1. Overview

In this article, we’ll present some popular datasets in the field of computer vision. First, we’ll discuss the importance of having large-scale open-source datasets in computer vision. Then, we’ll talk about three popular datasets that are ImageNet, MS COCO, and Google Open images. Finally, we’ll briefly mention the Kaggle datasets.

2. Datasets: Importance and Problems

Computer vision is considered one of the main fields where deep learning achieved excellent results and revolutionalized the way scientists develop algorithms. However, deep learning models need more and more data in order to work properly and achieve these results. As a result, the development of large-scale open-source datasets has become a necessity in computer vision in recent years.

Hopefully, more and more computer vision datasets are created every day for a variety of visual tasks like object detection, segmentation, classification, captioning, pose estimation, etc. In this article, we’ll present three of them that are widely used by many companies, researchers, and individuals.

3. ImageNet

ImageNet is one of the most important datasets in computer vision since it is the first open-source large-scale dataset that was widely used for deep learning algorithms. It was developed by a group of researchers at Stanford, Princeton, and UNC Chapel Hill.

The initial idea of ImageNet was to create a WordNet (that is a large lexical database of English) for images. For each concept of WordNet, the researchers collected around one thousand images by querying search engines. The quality of these images was then evaluated by Amazon Mechanical Turk.

The large success of ImageNet came up when deep learning for computer vision gained popularity, and a large dataset like ImageNet was a necessity.

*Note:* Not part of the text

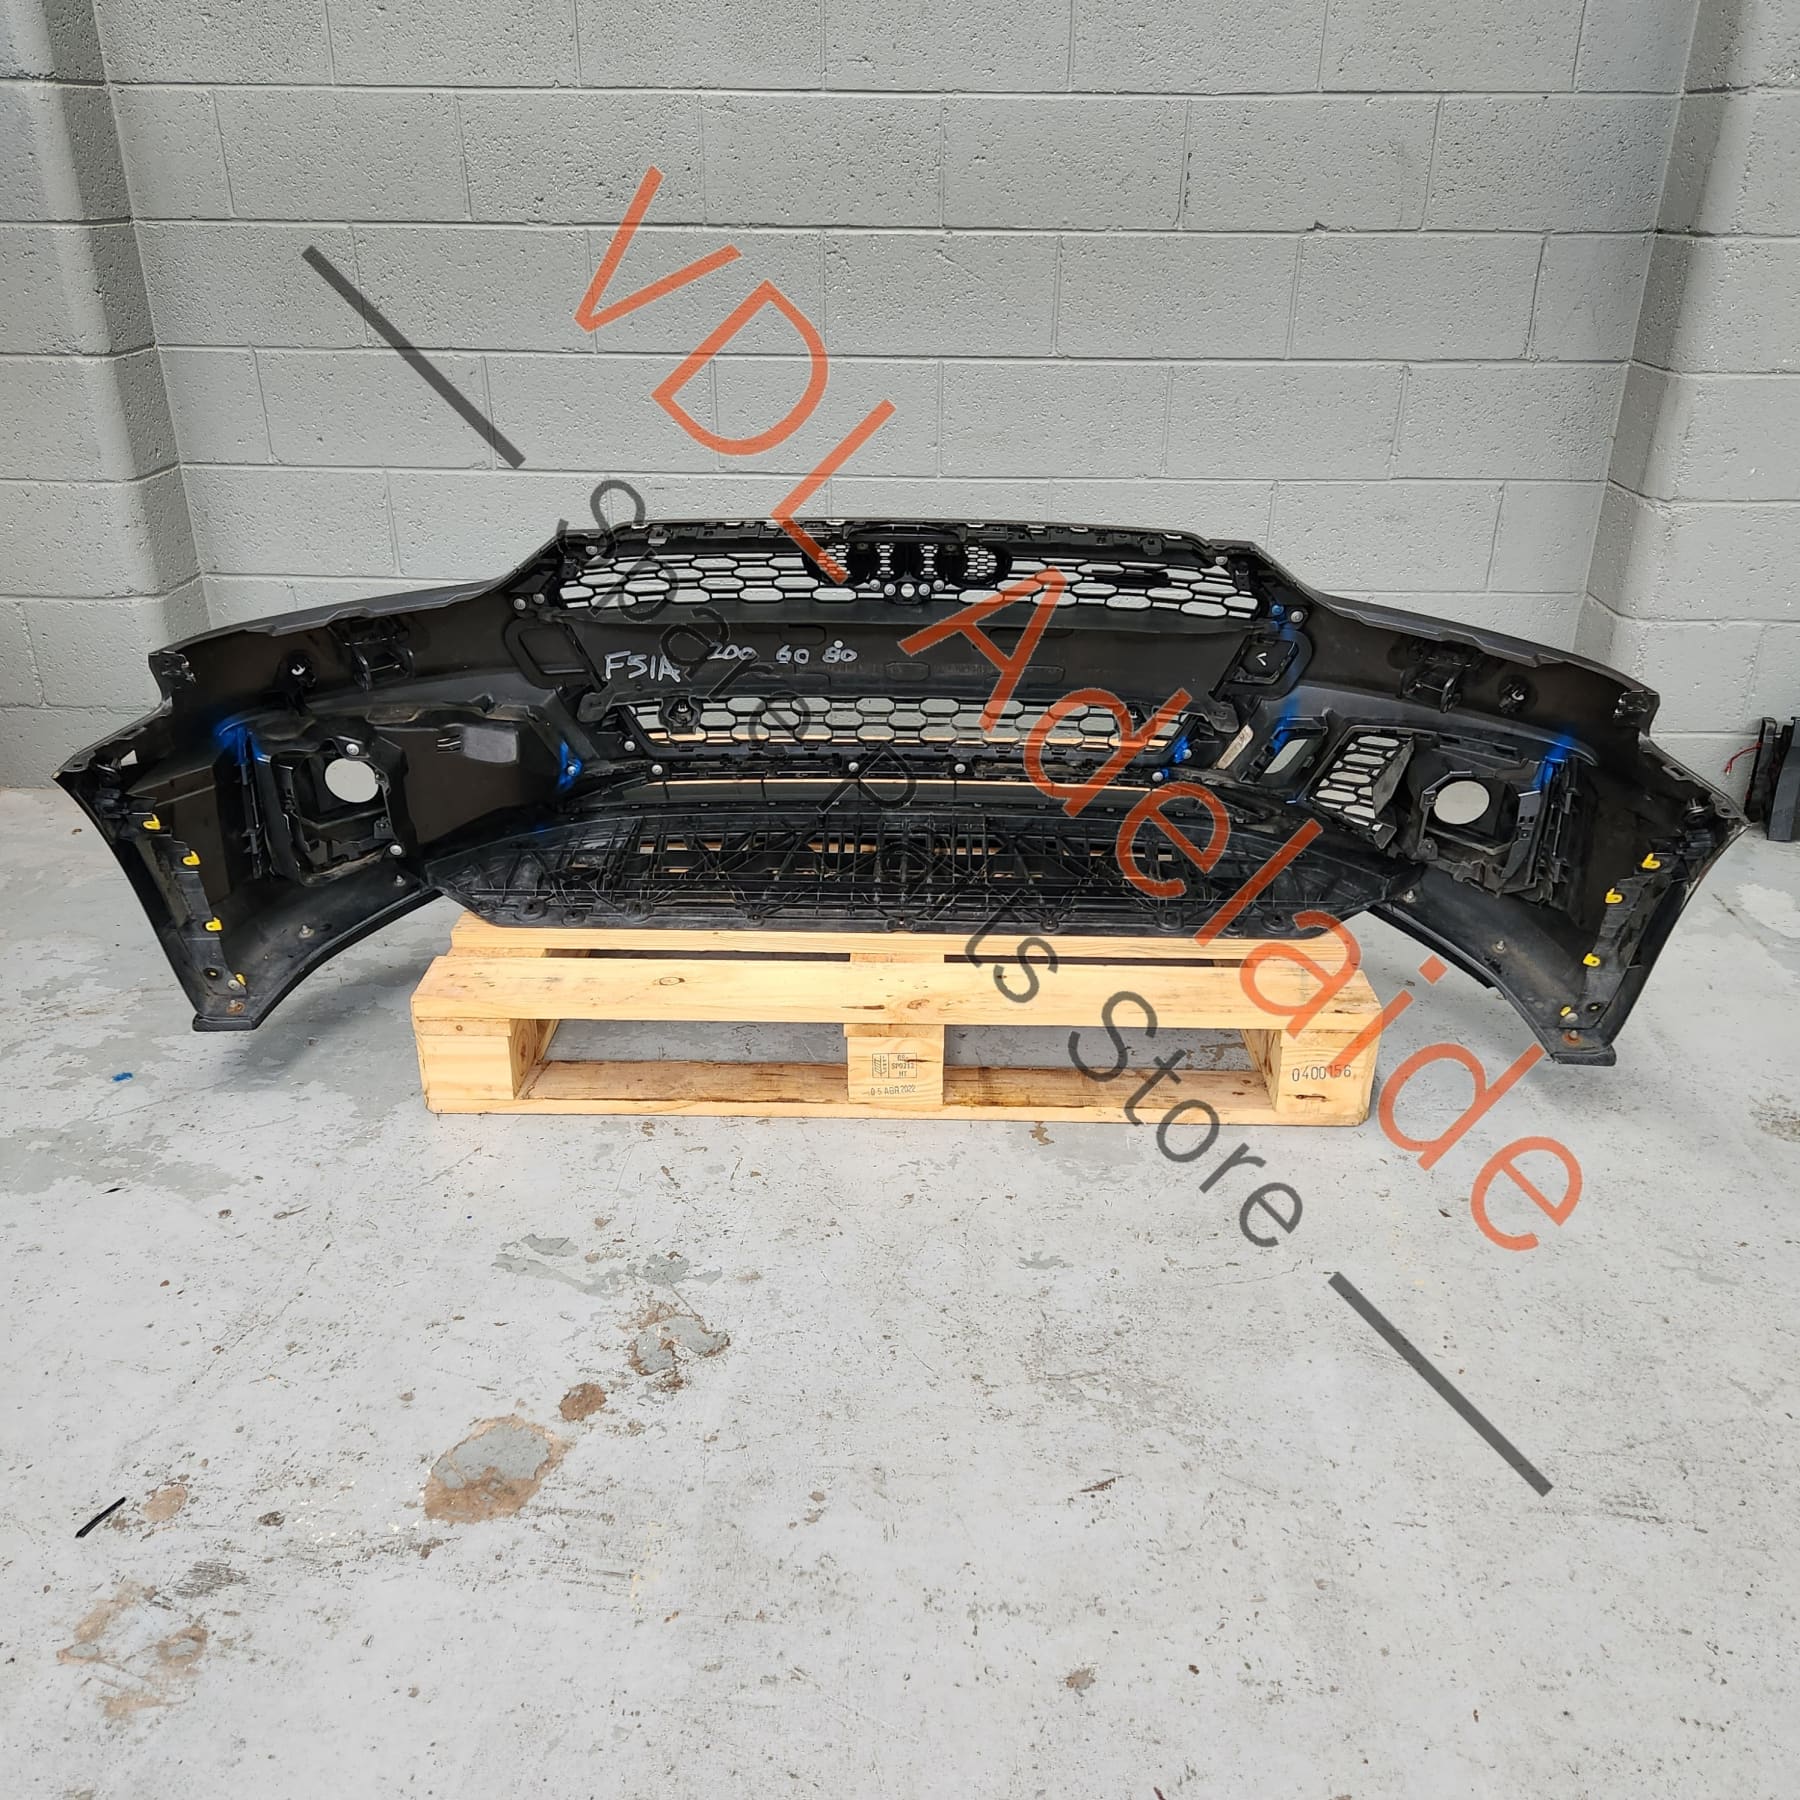 Audi RS5 Whole Front Bumper Clip Assembly w Grilles & Carbon Upgrade 8W6807065NGRU

Specifically, ImageNet Large Scale Visual Recognition Challenge is a subset of the ImageNet dataset that is considered the most popular benchmark for image classification algorithms. Every classification algorithm that is proposed should be evaluated on this benchmark before being published. It consists of around 1 million training, half a million validation, and 100 thousand test images for 1000 object classes.

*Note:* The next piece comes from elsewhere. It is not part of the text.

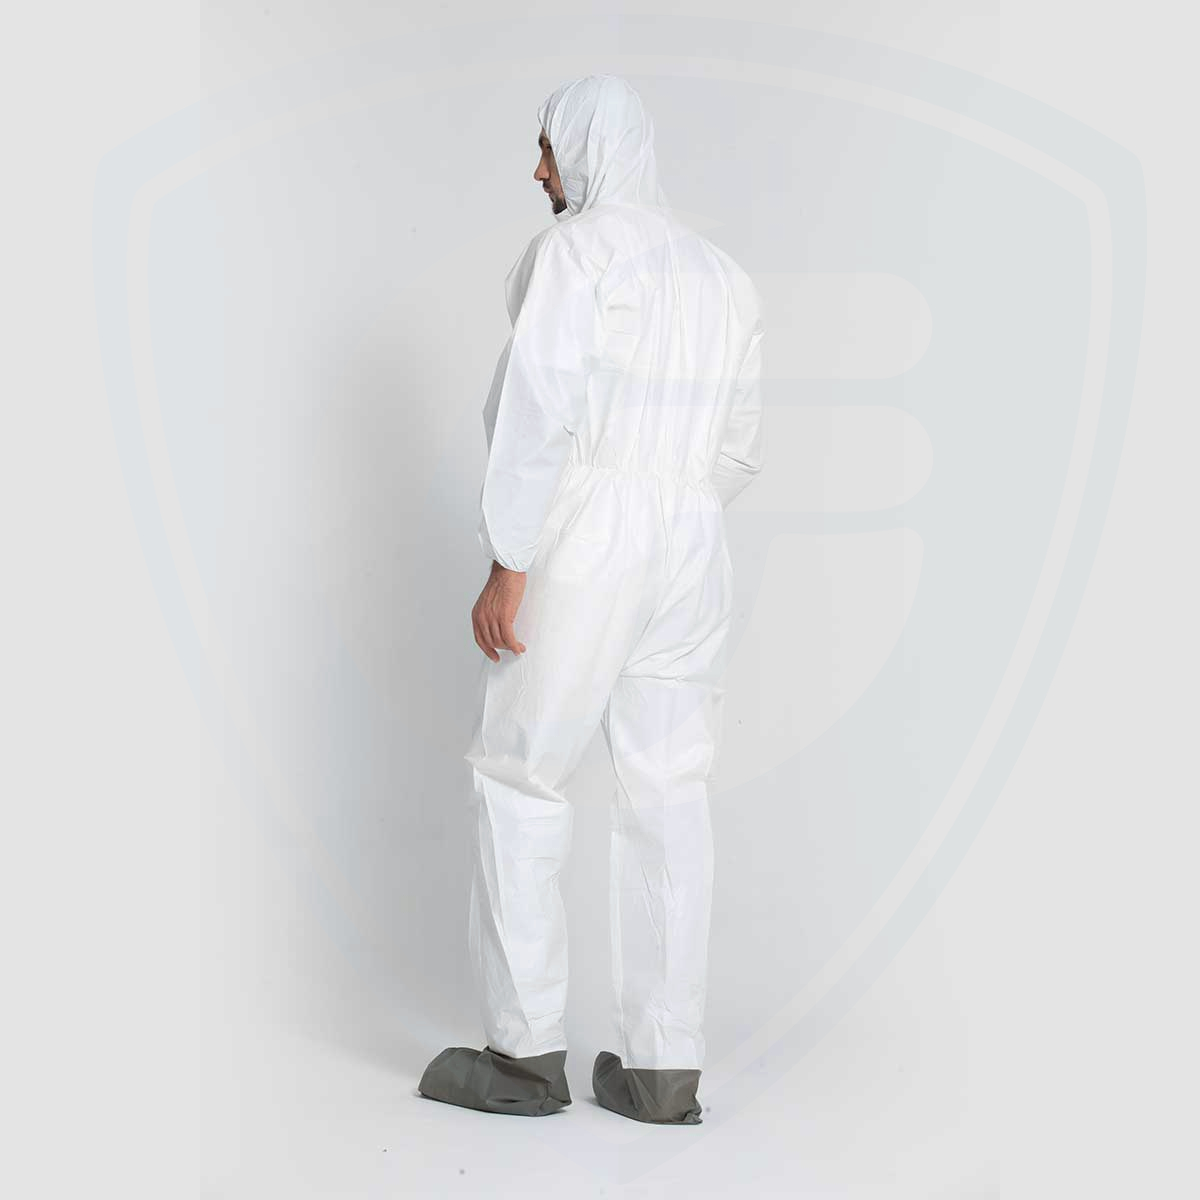 FC2050-1 Cat.III EN1073 EN1149 Anti-static Protective Clothing with Gray Boots 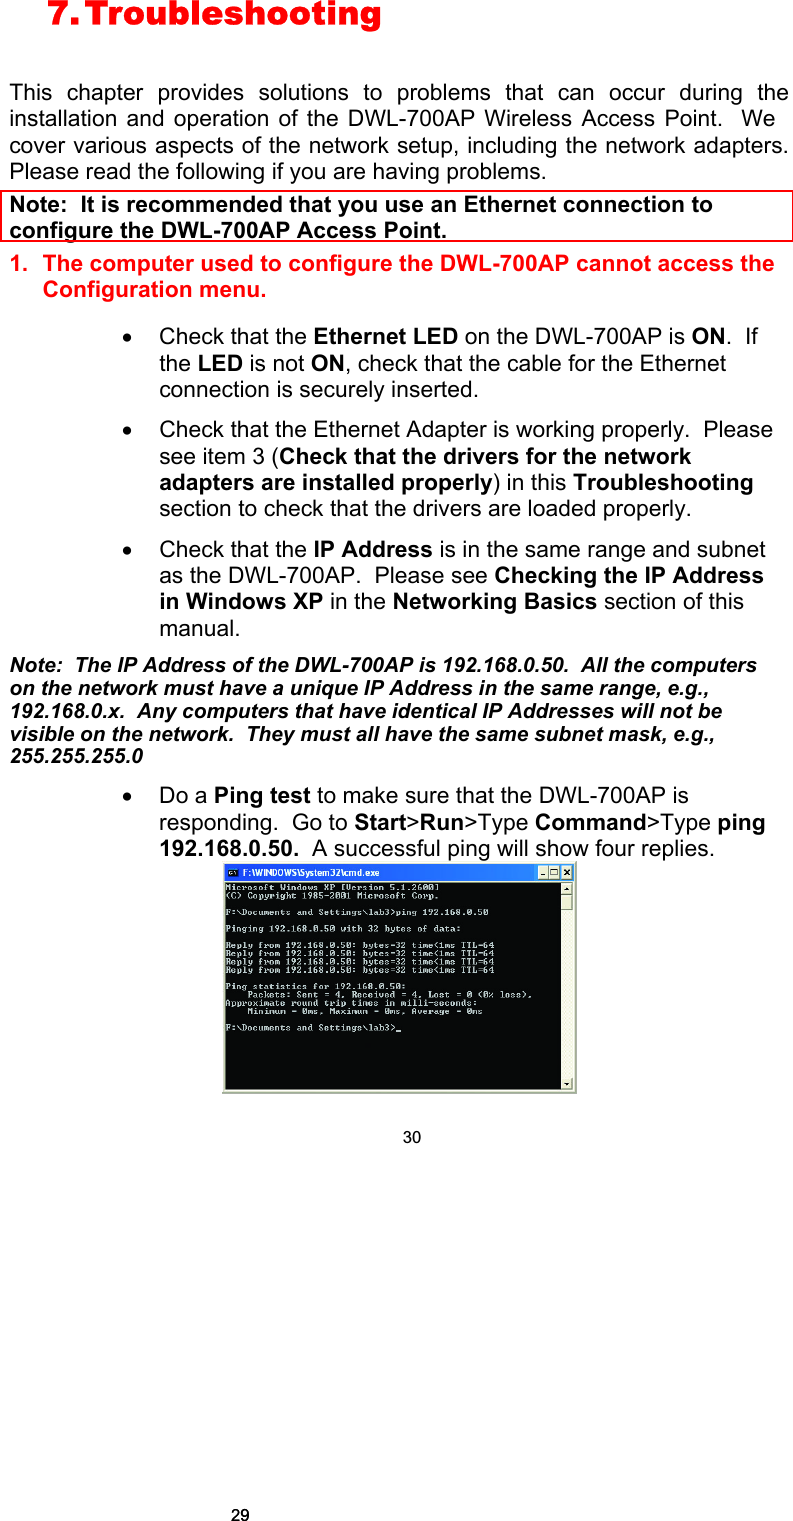 7. Troubleshooting   This chapter provides solutions to problems that can occur during the installation and operation of the DWL-700AP Wireless Access Point.  We cover various aspects of the network setup, including the network adapters.  Please read the following if you are having problems.  Note:  It is recommended that you use an Ethernet connection to configure the DWL-700AP Access Point. 1. The computer used to configure the DWL-700AP cannot access the Configuration menu.  • Check that the Ethernet LED on the DWL-700AP is ON.  If the LED is not ON, check that the cable for the Ethernet connection is securely inserted. • Check that the Ethernet Adapter is working properly.  Please see item 3 (Check that the drivers for the network adapters are installed properly) in this Troubleshooting section to check that the drivers are loaded properly. • Check that the IP Address is in the same range and subnet as the DWL-700AP.  Please see Checking the IP Address in Windows XP in the Networking Basics section of this manual. Note:  The IP Address of the DWL-700AP is 192.168.0.50.  All the computers on the network must have a unique IP Address in the same range, e.g., 192.168.0.x.  Any computers that have identical IP Addresses will not be visible on the network.  They must all have the same subnet mask, e.g., 255.255.255.0 • Do a Ping test to make sure that the DWL-700AP is responding.  Go to Start&gt;Run&gt;Type Command&gt;Type ping 192.168.0.50.  A successful ping will show four replies.  302929

In the image below, we can some example images from ImageNet in increasing semantic specificity of WordNet:

imagenet

4. MS COCO

Another very popular dataset for computer vision is MS COCO which stands for Common Objects in Context and was developed by Microsoft. It is a large-scale dataset that can be used for object detection, segmentation, and captioning.

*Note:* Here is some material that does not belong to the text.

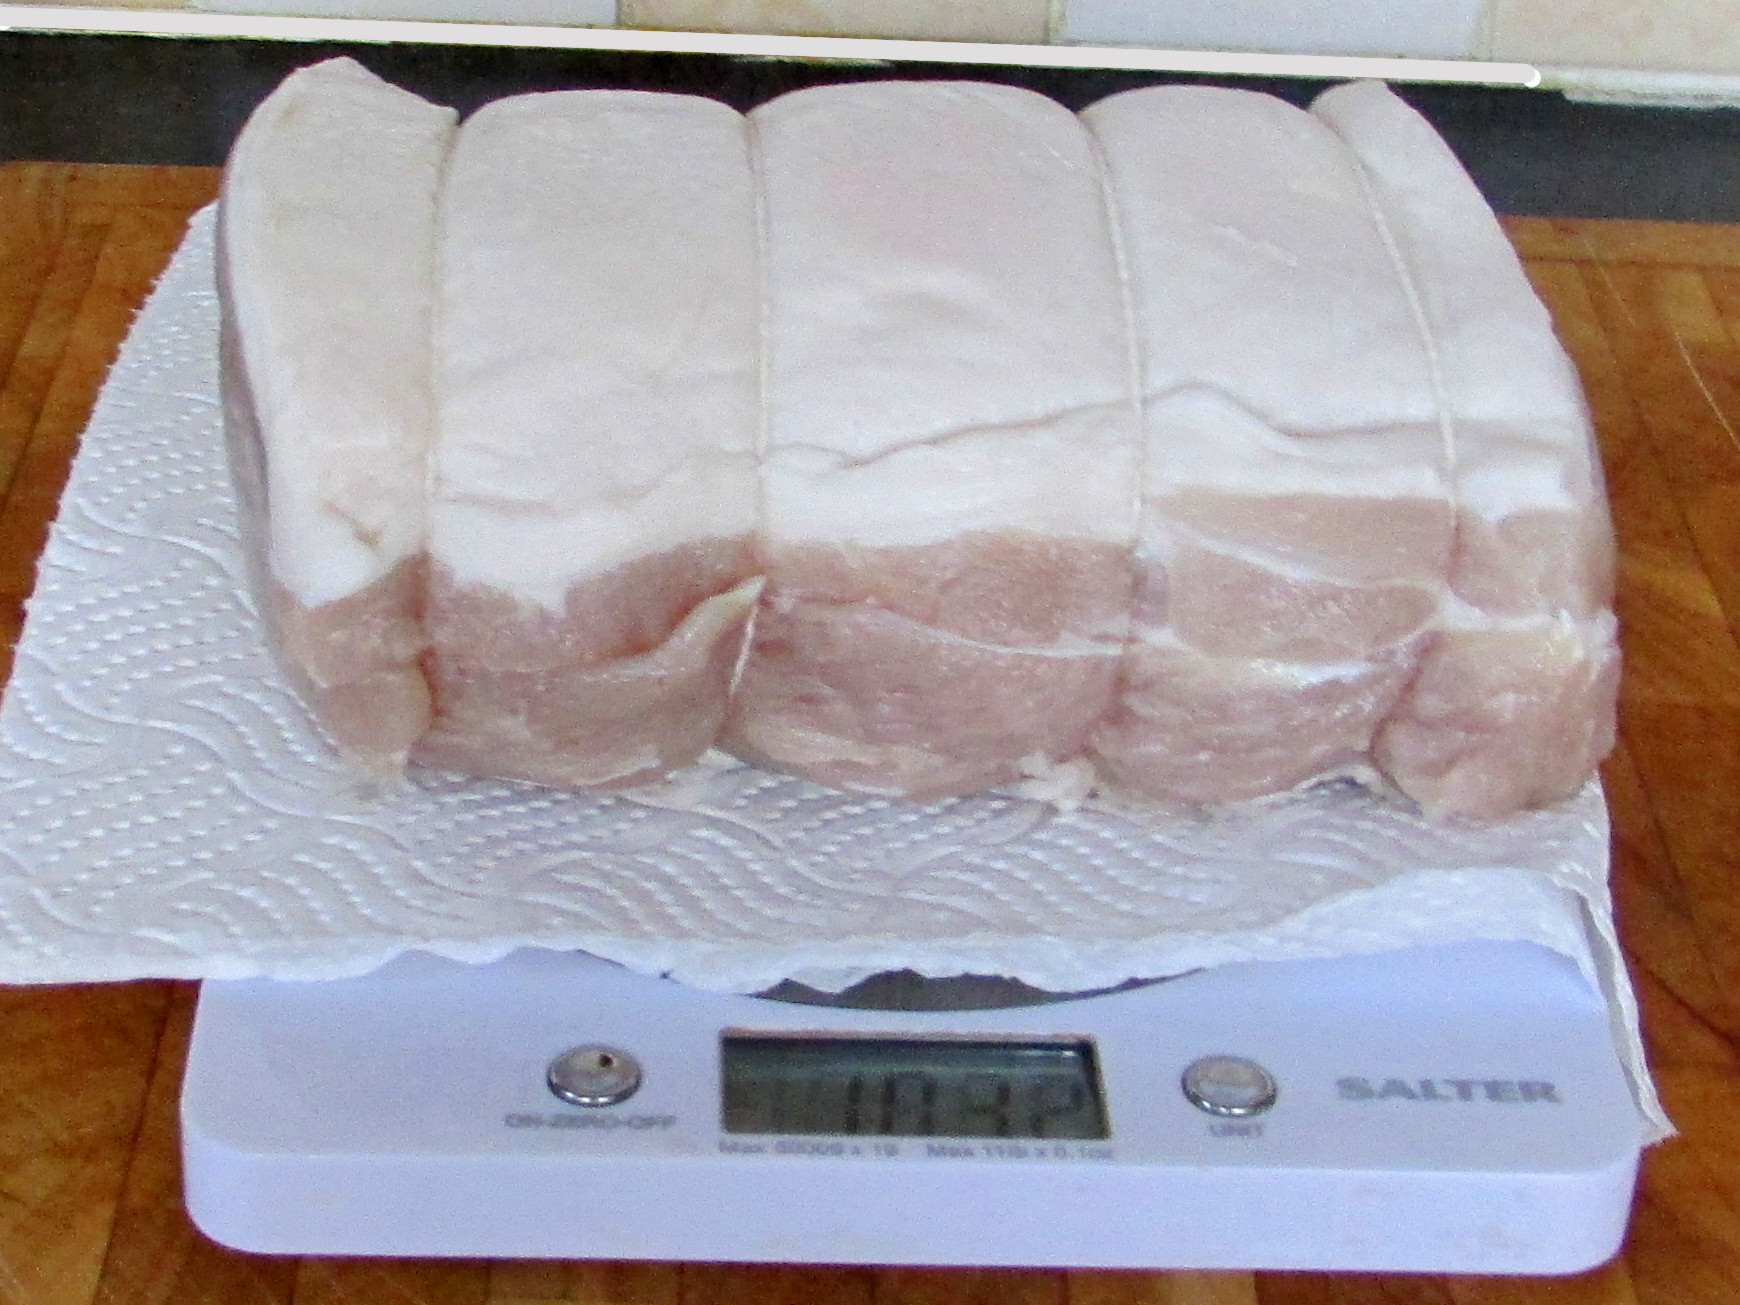 Pork loin after curing

It is considered the main benchmark for evaluating object detection algorithms. Also, its large popularity lies in the fact that it contains images that are annotated for many different tasks. Specifically, a COCO image contains the following annotations:

  • Coordinates of bounding boxes and segmentation masks for object detection.
  • Natural language descriptions for captioning.
  • Keypoints of humans that are present in the image.
  • full scene segmentation with 80 categories that correspond to things (like bicycles, cats, etc) and 91 categories that have to do with stuff (like the sky, the road, etc).
  • Dense pose of humans.

Also, an important characteristic of COCO is that the objects in the images are in a natural context, as the name suggests, which means that they appear in real-life scenes where sometimes objects are occluded. So, it is a challenging dataset that is appropriate for evaluating a deep learning algorithm that should work in real-life scenarios.

Below, we can see some example images of the COCO dataset for each type of annotation:
coco

5. Google Open Images

The third dataset that we will discuss in this article is Google Open Images which was created by Google. It consists of around 9 million images that are annotated with more than 6000 classes. Google Open Images gained a lot of popularity due to its large variety of classes, contrary to ImageNet, which contains 1000 classes.

Another characteristic of Google Open Images is the fact that each image has about 8 different labels assigned. For example, we can see that the two below images have various labels since they contain more than one object:
open images

6. Kaggle Datasets

The three above datasets are very popular and cover a variety of tasks. However, the number of different visual tasks that exist is much greater. So, where can someone search for a dataset that fits his specific needs?

Kaggle dataset is a place where we can search and explore over 100 thousand datasets. Also, there is a specific computer vision section where 1,758 visual datasets exist. A very useful feature of these datasets is the fact that for every dataset, there are notebooks of people that worked on it and trained ML models. This acts as a very good starting point when someone wants to experiment with a new dataset.

7. Conclusion

In this tutorial, we talked about three popular datasets in computer vision, namely ImageNet, MS COCO, and Google Open Images. Then, we also mentioned Kaggle datasets for those who want to experiment with other datasets.